Best Fit Line Slope

linear regression

I am given three pairs of (pressure $p$, molar volume $V_m$) measurements at constant known temperature $T$: (0.750000, 29.8649), (0.500000, 44.8090), (0.250000, 89.6384). The goal is to determine the ideal gas constant $R$ plotting $p$ vs $1/V_m$ or $V_m$ vs $1/p$ and using the ideal gas law $pV_m = RT$. However, these plots produce best fit lines with slightly different slopes. I used Microsoft Excel to do this. The resulting equations of the best fit lines and $R^2$ values are:
$$y = 22.3932159243x + 0.0002057994 \qquad R^2 = 0.9999999746$$
for the $p$ vs $1/V_m$ plot, and
$$y = 22.4149788462x + 0.0214038462 \qquad R^2 = 0.9999999998$$
for the $V_m$ vs $1/p$ plot.

I am completely confused by this and would appreciate if someone could shed some light on this "paradox".

Best Answer

This is perfectly normal in the least square sense.

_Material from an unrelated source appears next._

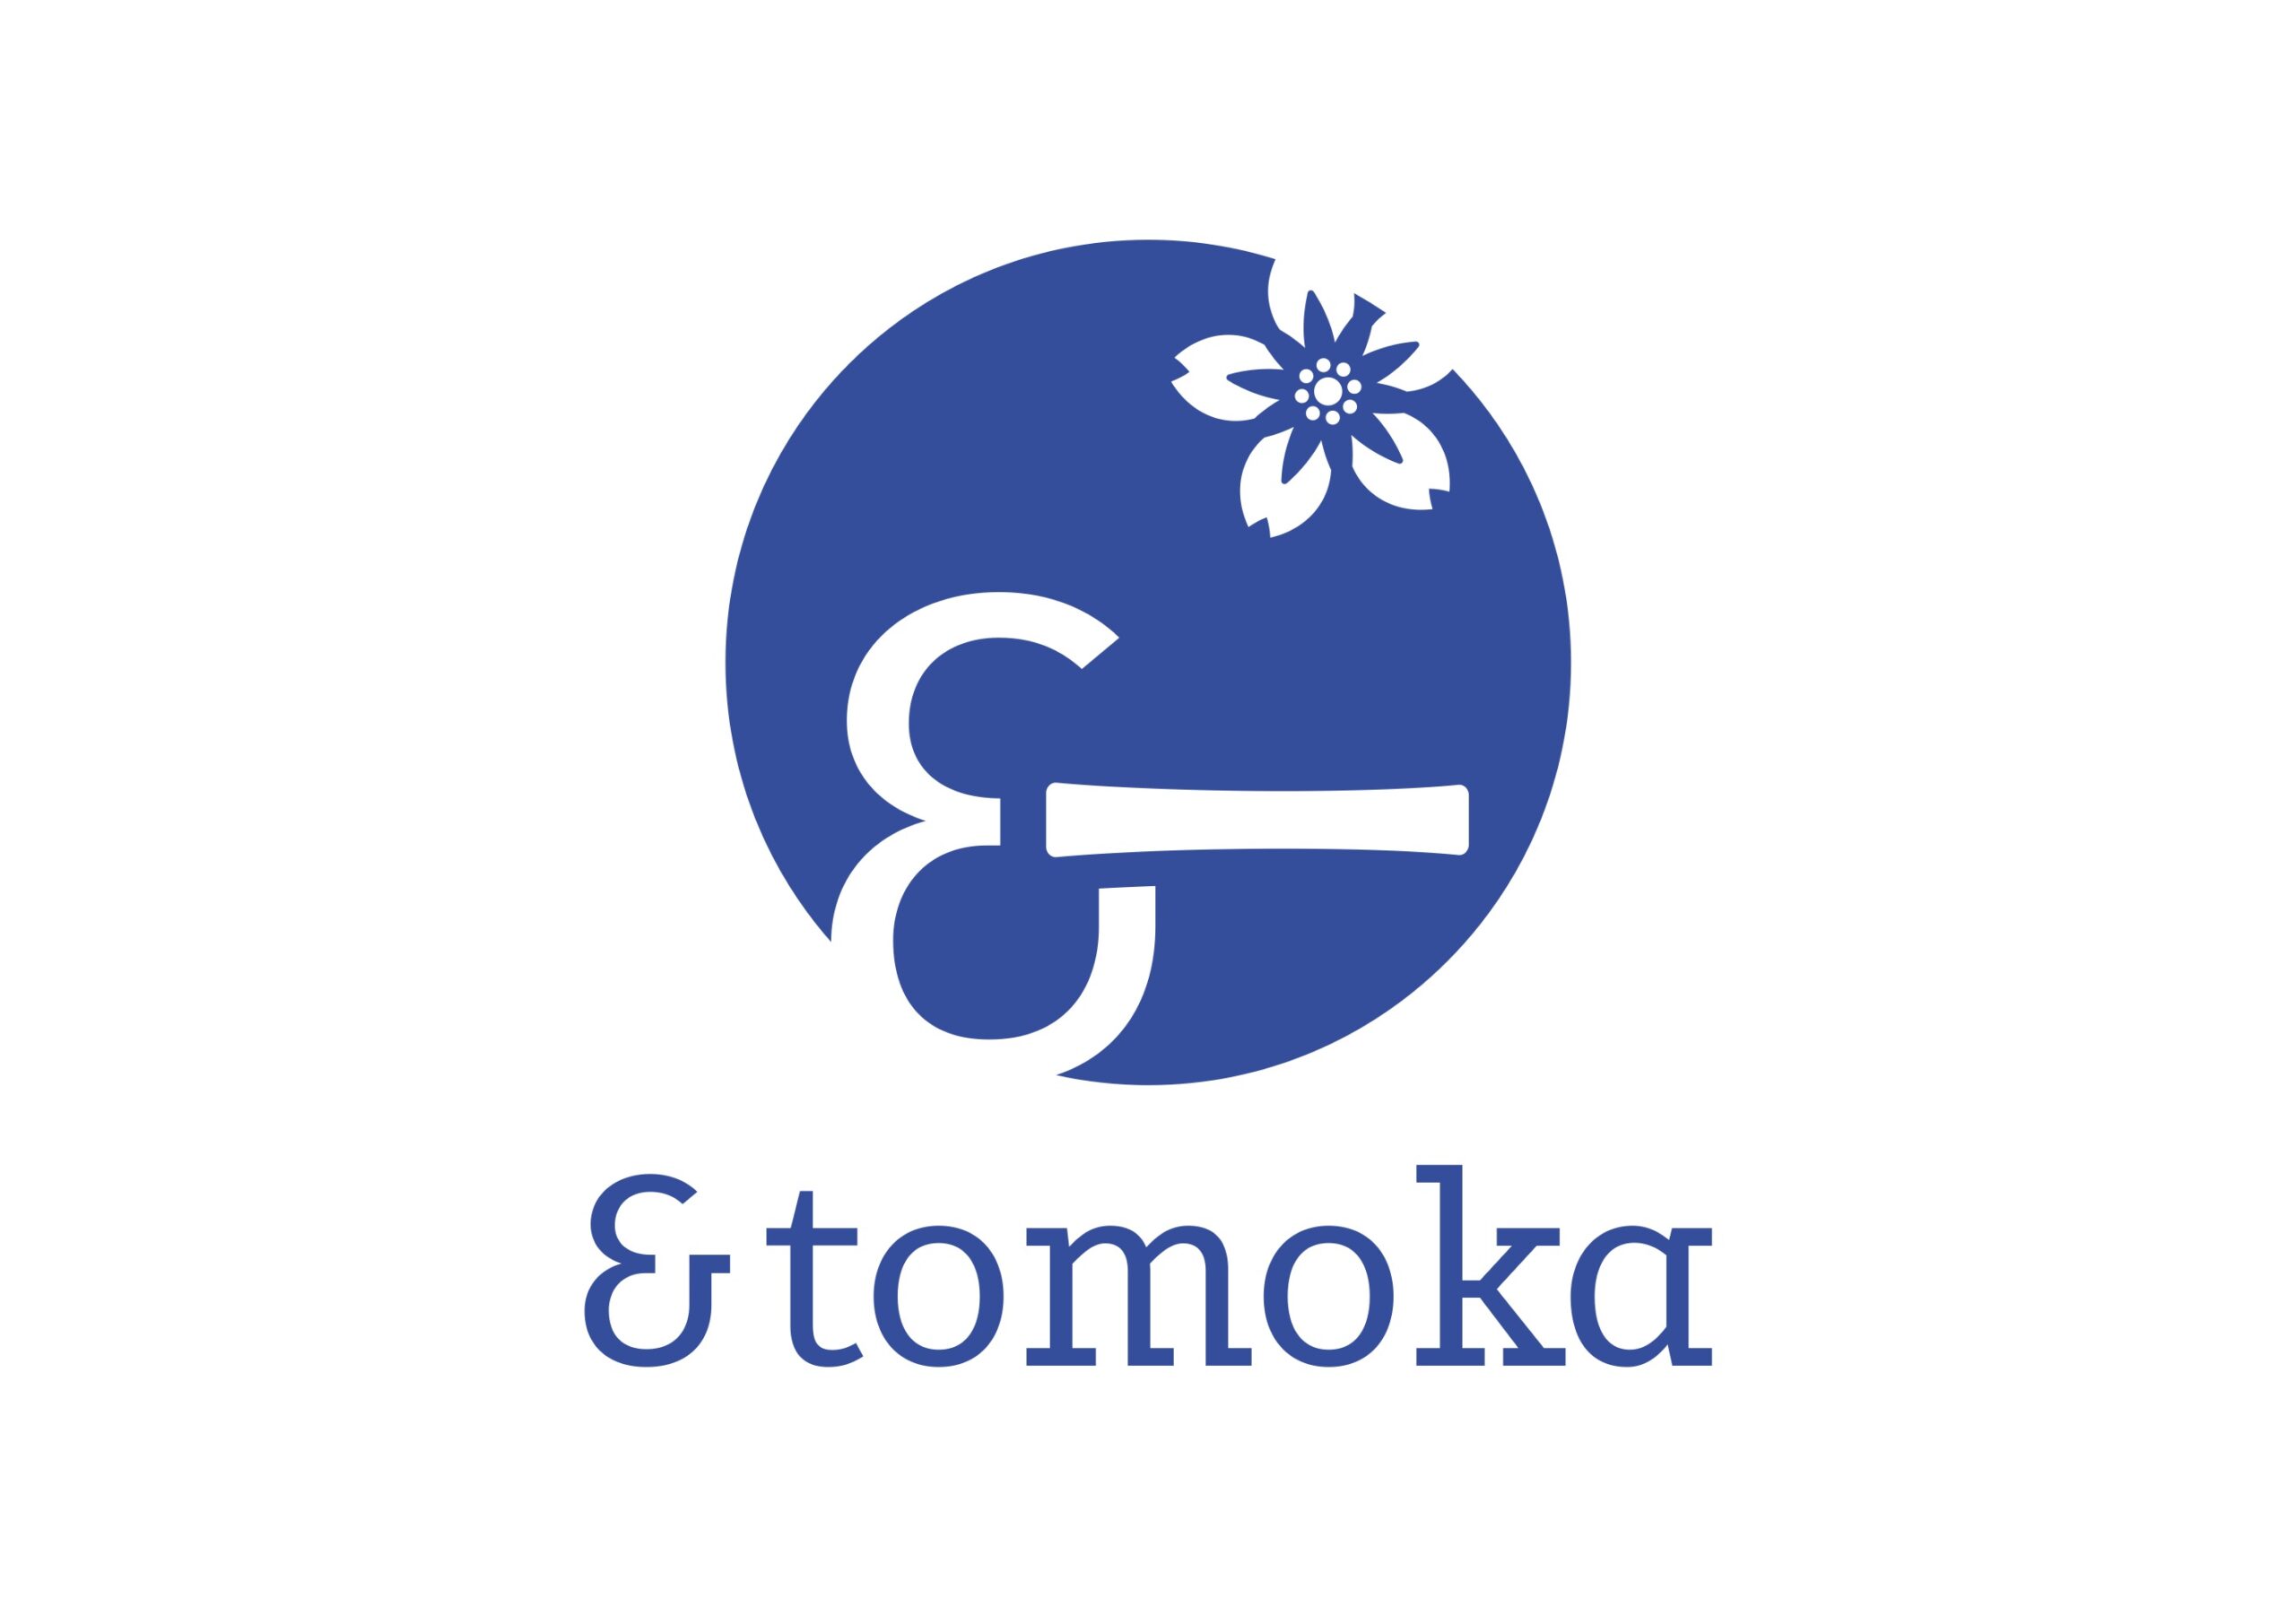 株式会社TOMOKA（＆tomoka）

Suppose that the data are $(x,y)$. If you fit $y=a + b x$ you minimize the vertical distance on $y$ and vice-versa. So, except if there is absolutely no noise, the results of the regression cannot be the same.

In fact, if I had this problem, what I should do is to write $$P\,V=c$$ and minimize with respect to $c$ the real sum of squares $$SSQ=\sum_{i=1}^n (P_i\, V_i -c)^2$$ which will just give $$c=\frac 1 n \sum_{i=1}^n P_i\, V_i$$ With your data $c=\frac{2688511}{120000}=22.4043$ which is neither $22.3932$ nor $22.4150$ but something in the middle.